Il peut avoir la fonction de complément d'objet direct ou la fonction de complément d'objet indirect.

Ex.1 Je mange des pommes. J'*en* mange. Je mange quoi? Des pommes. _En_ est C.O.D.
Ex.2 Je bois du vin. J'*en* bois. Je bois quoi? Du vin._ En_ est C.O.D.
Ex.3 Il parle de politique. Il *en* parle. Il parle DE quoi?_ En_ est C.O.I.
Ex.4 Il rêve de Julie. Il *en* rêve. Il rêve de qui? Julie. _En_ est C.O.I.

_En_ peut aussi remplacer un adjectif numéral et le nom qu'il détermine, toutefois on doit indiquer l'adjectif numéral à la fin de la phrase.

Ex.5 Je veux trois pommes. J'_en_ veux _trois_. Je veux quoi?
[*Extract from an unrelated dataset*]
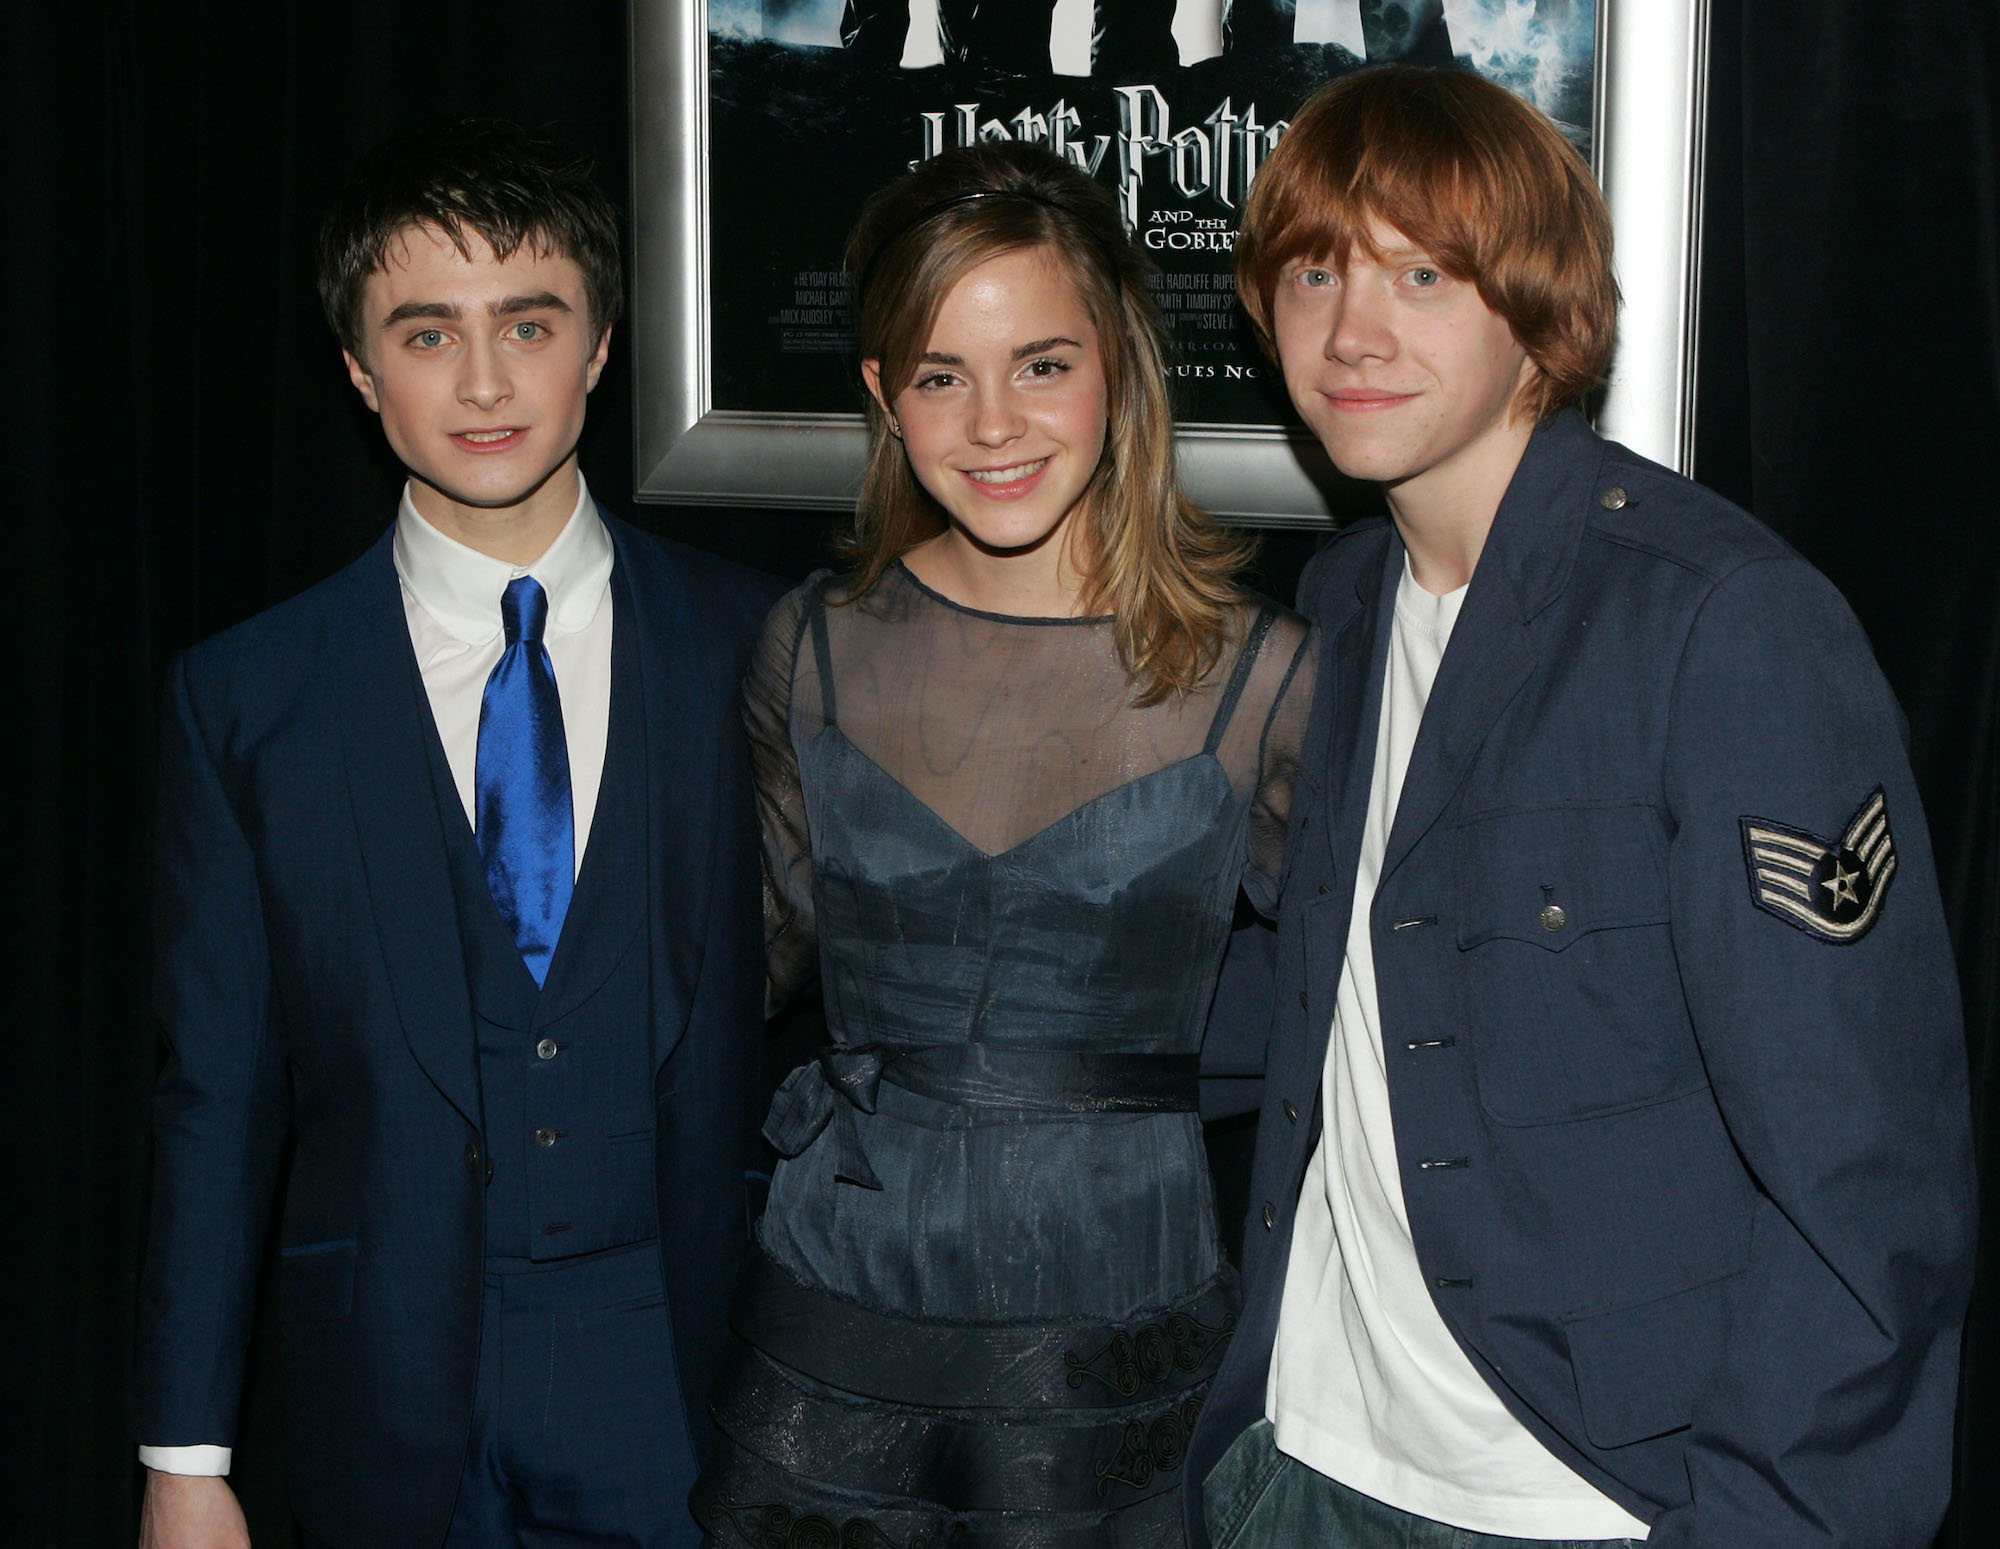 Daniel Radcliffe, Emma Watson and Rupert Grint in 2005, smiling

Trois pommes. _En_ est C.O.D.


----------



## luvliekelly

Hi, Fred C,
I guess your explanation of-----
"en" is replacing "de lui" or "d'elle" when the "lui" or "elle" does not stand for someone, but for a noun (masculine of feminine) describing an object
cleared a lot of my confusion, thanks!

so, if I want to say "I need *the* cake."
do I say "J'en besion"?
(so, "en" *can *replace "it" in English then?)
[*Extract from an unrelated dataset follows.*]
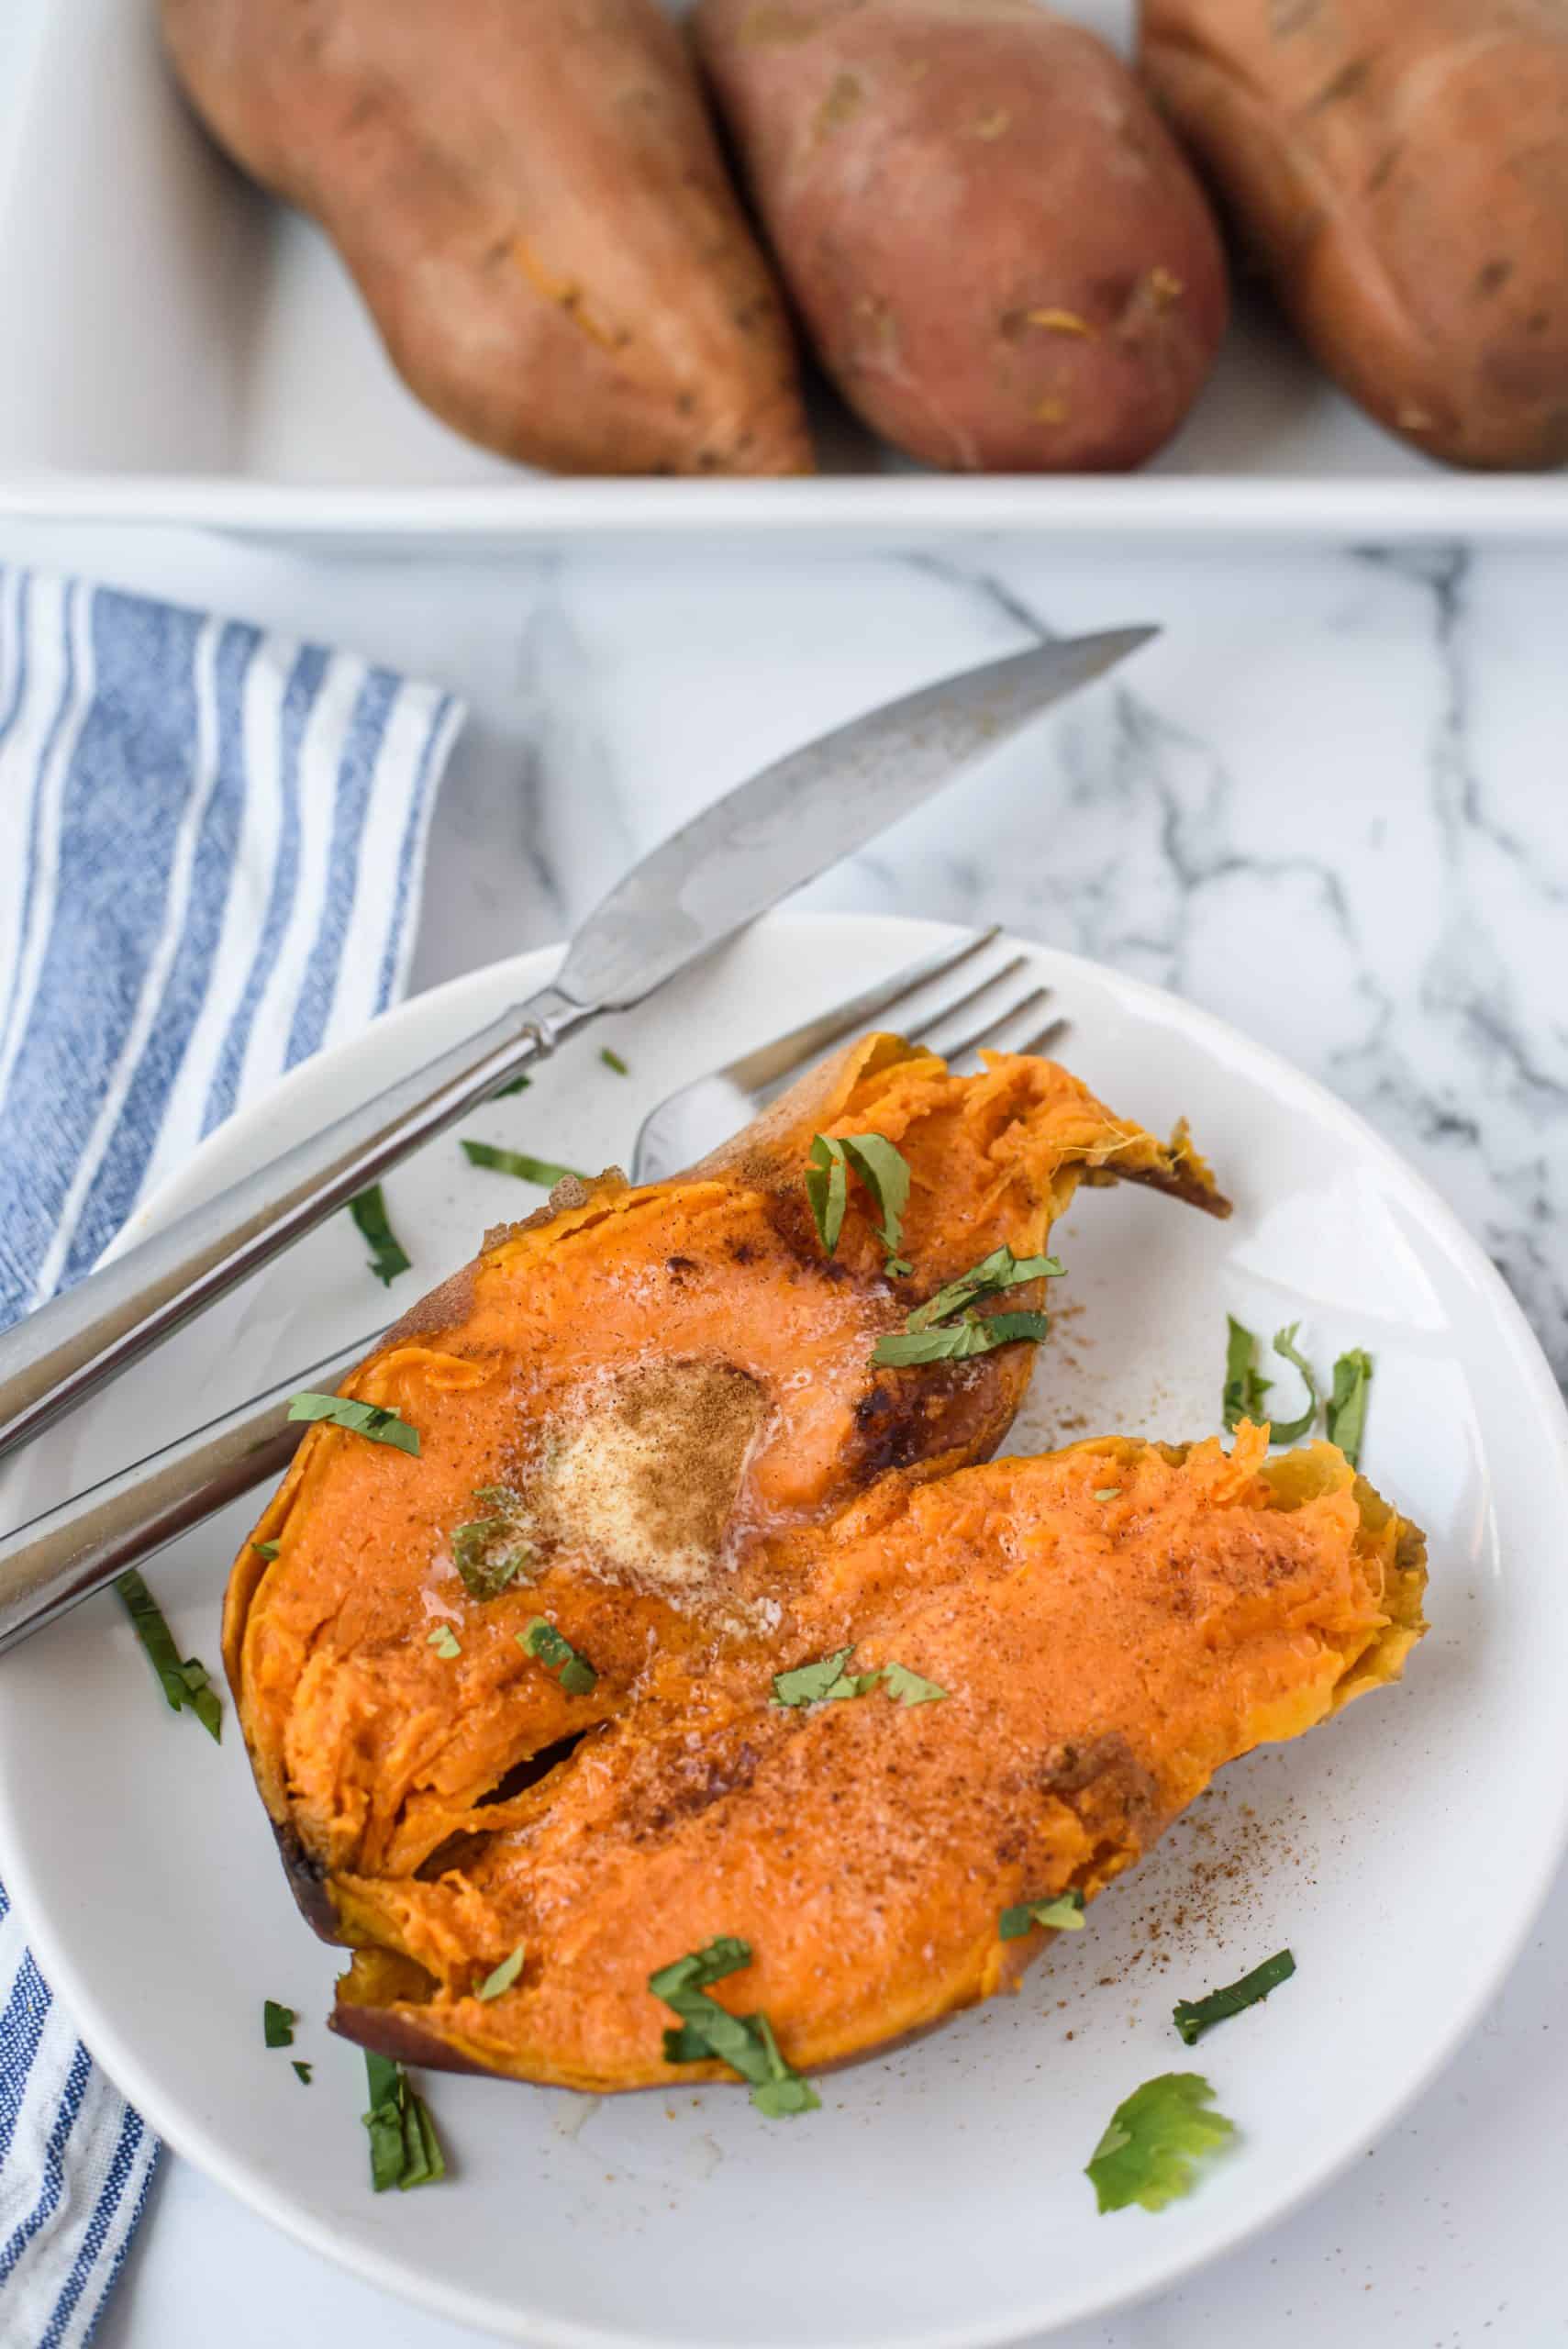 Learn how to make easy and delicious Sweet Potatoes in the Instant Pot. Creamy and perfect, and better than oven baked sweet potatoes!

and for a different verb "I want *the* cake."
"Je le voudrais"?

Thank you all for so many replies to such a confused French learner with "en"


----------



## luvliekelly

Hi,cocottelabroue,
I'm a bit confused with your Ex. 4
Ex.4 Il rêve de Julie. Il *en* rêve. Il rêve de qui? Julie. _En_ est C.O.I.
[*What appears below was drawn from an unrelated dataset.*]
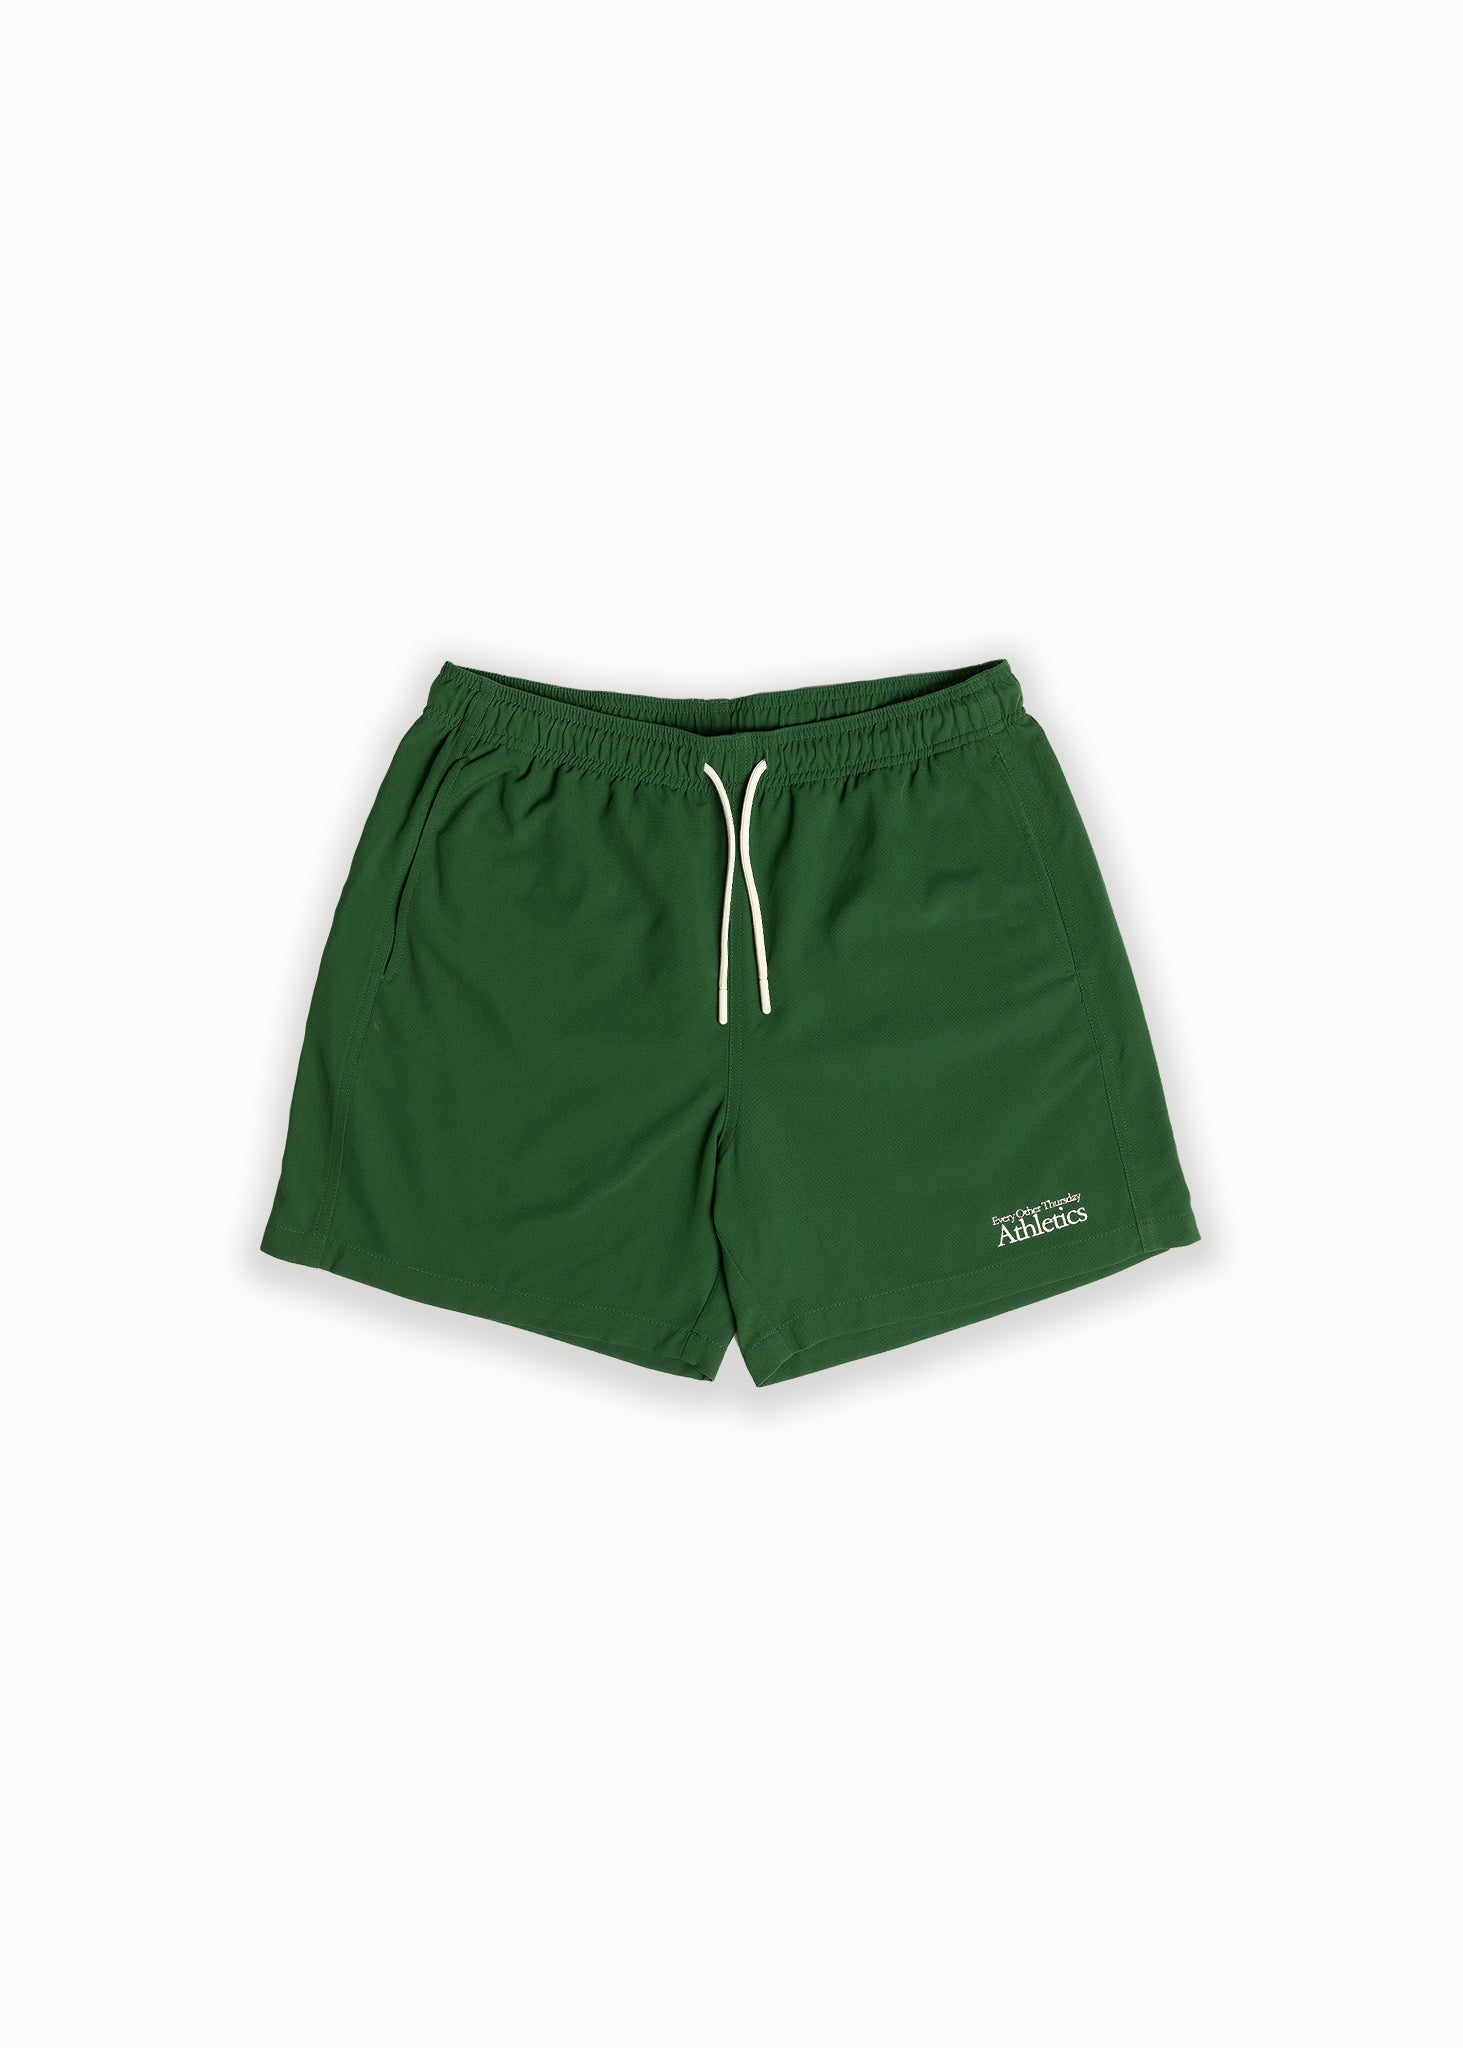 Mid-weight Nylon Shorts – Every Other Thursday

why is it not "Il rêve d'elle"?
Thanks!


----------



## Fred_C

luvliekelly said:


> so, if I want to say "I need the cake."
> do I say "J'en *ai* besoin"?


Yes, absolutely.


luvliekelly said:


> (so, "en" *can *replace "it" in English then?)


Not really. It replaces the whole "of it". (for French verbs that need the preposition "de".)



luvliekelly said:


> and for a different verb "I want *the* cake."
> "Je le voudrais"?


Oui, parfaitement.


----------



## Fred_C

luvliekelly said:


> Hi,cocottelabroue,
> I'm a bit confused with your Ex. 4
> Ex.4 Il rêve de Julie. Il *en* rêve. Il rêve de qui? Julie. _En_ est C.O.I.
> 
> why is it not "Il rêve d'elle"?
> Thanks!


 Hello again.
You are right, and Cocotte labroue is wrong.
You must say "il rêve d'elle", because "elle" is not a reference to a feminine noun describing a thing, it is a girl.

As a matter of fact, it can happen sometimes (for absolutely obscure reasons) that a French native will make a mistake and use "en" instead of "de lui" or "d'elle" when referring to a person, but the converse mistake, (using "de lui" or "d'elle" when speaking about an object will never happen.)


----------



## luvliekelly

Hi, Fred C,
Thank you very much. I think I'm getting the idea now!


----------